Now access is drying up for everyone. “What else do we have to lose?” said Bate, the 34-year-old from Baltimore. “You go to the emergency room, people don’t believe your pain.”

The effectiveness of crizanlizumab, another treatment approved in the last decade, is already being questioned due to conflicting study results. Blood transfusions can be a useful tool – but can sometimes trigger a strong immune reaction. In a subset of patients, hydroxyurea may cause too many side effects to continue taking it. Gene therapy can be a “cure,” but it is not offered or accessible to everyone.

The vast majority of Americans with the disease are black, its research has long been neglected, and its care has long been marked by racism and stigma. “There are a lot of people in the sickle cell warrior community who have felt like guinea pigs in the past,” Habib said.

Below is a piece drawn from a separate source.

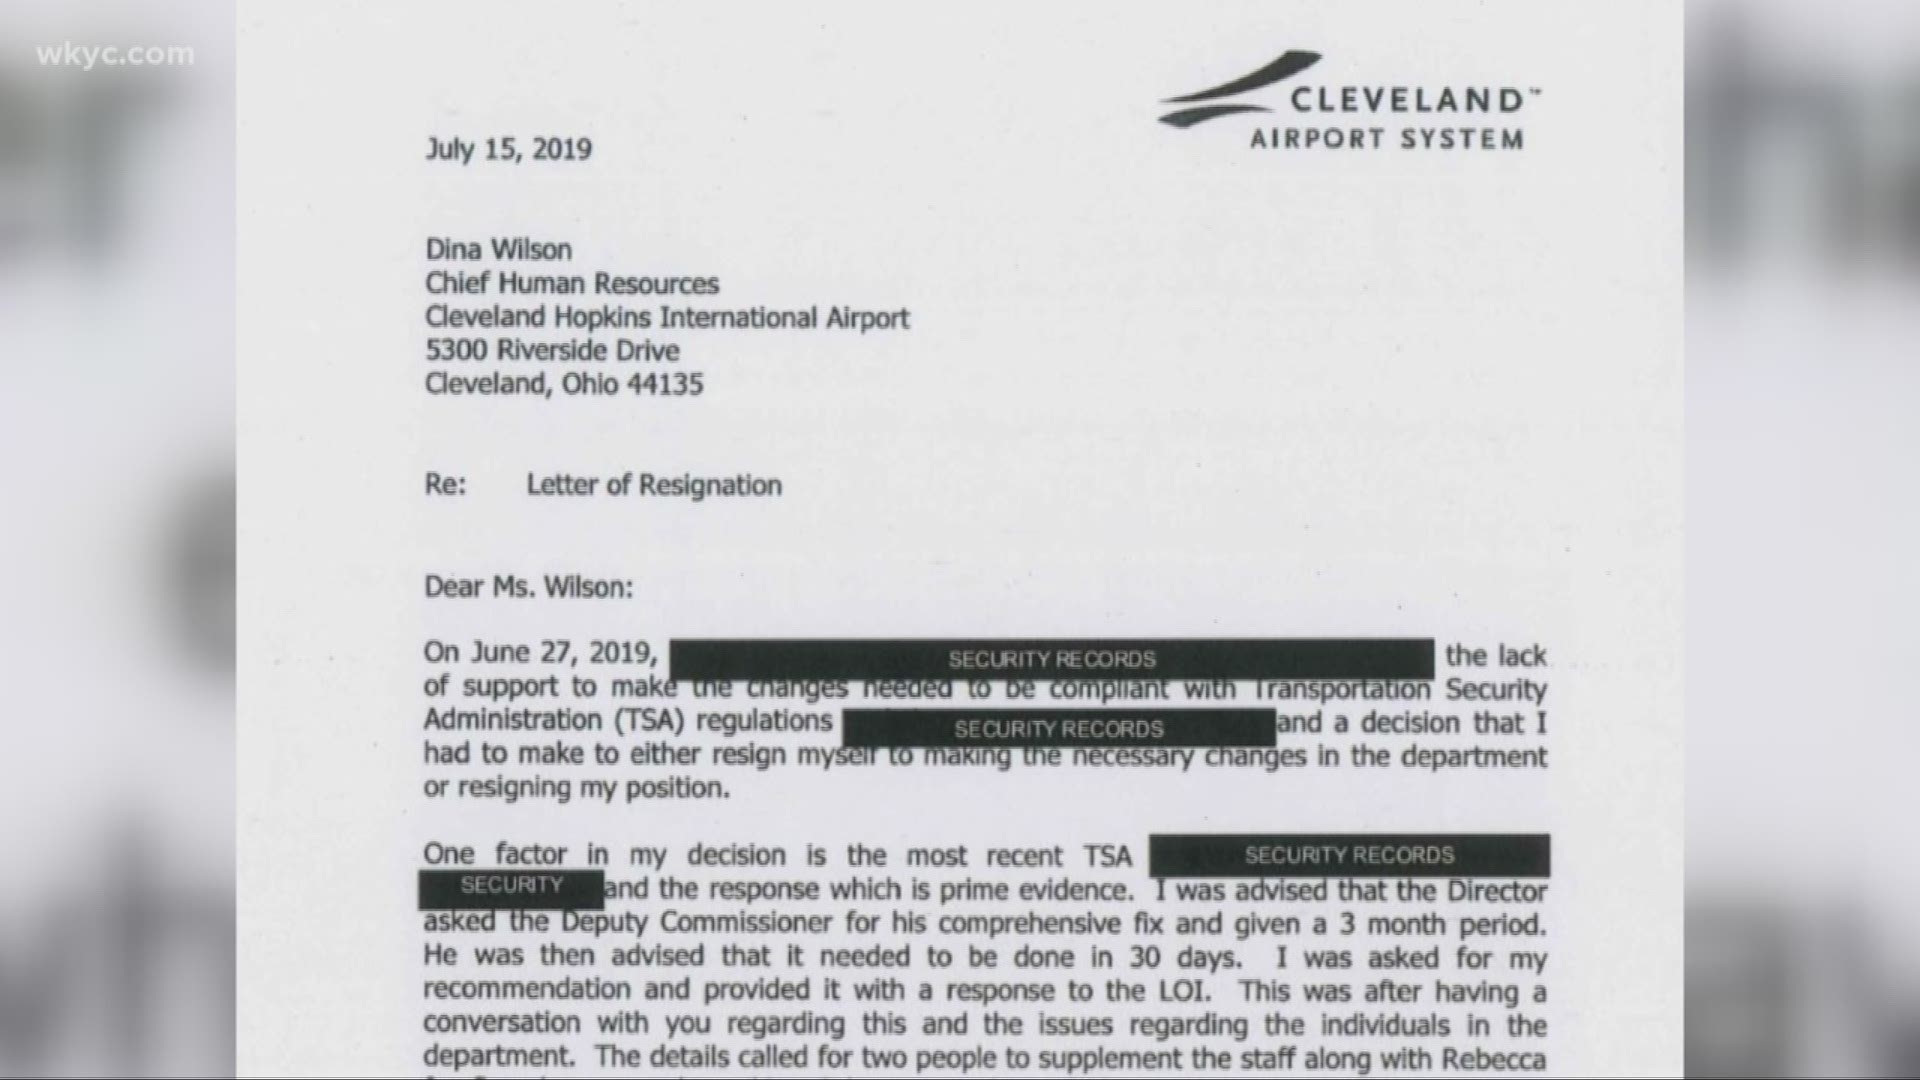 The letter cites a “lack of support to make changes needed to be compliant with Transportation Security Administration (TSA) regulations.”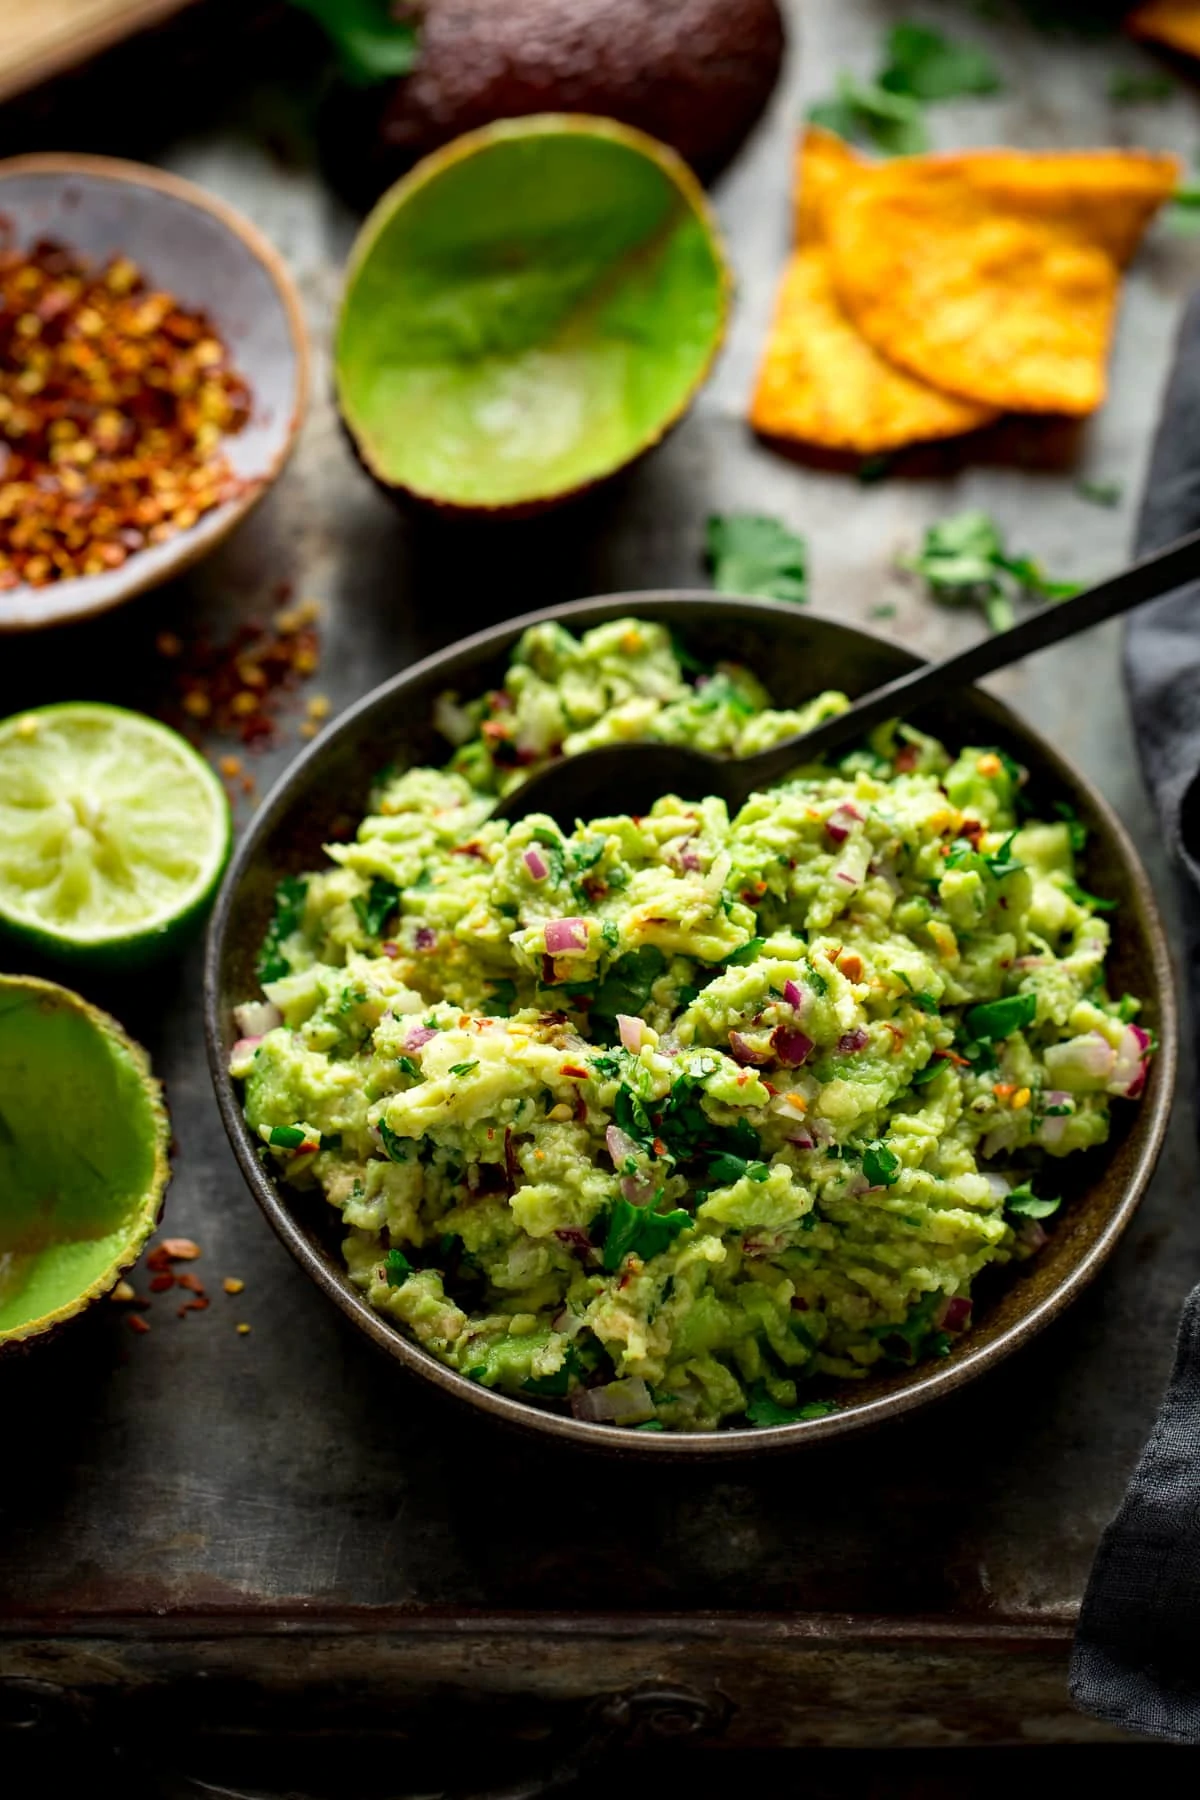 Spicy Guacamole Recipe - Spice Up The Curry

This week the feeling can be felt in two ways: on the one hand, in the sense that some patients may have been prescribed a medication that was potentially dangerous, on the other hand, in the sense that some lose something helpful without warning. It wasn't just news about a drug that some people had been taking every day for years; That's how it was introduced, without warning or guidance. A patient advocate said she was too devastated to comment. Another was so shocked that she couldn't believe it at first.

“You know, I’m just worried about everyone’s safety. I want to make sure no one has extreme side effects,” said Quannecia McCruse, president and CEO of the Sickle Cell Association of Houston, who this week considered giving up her Oxbryta cold because she had done so before and had no problems. However, she also found the whole thing strangely rushed and wondered whether the drug might end up in the medicine cabinet after all – perhaps for a more specific group. “No two people with sickle cell anemia are the same.”

Jason Mast contributed reporting. This story has been updated to include new comments from Quannecia McCruse, and corrected to correct an error: The effectiveness of crizanlizumab, not L-glutamine, was questioned by conflicting study results.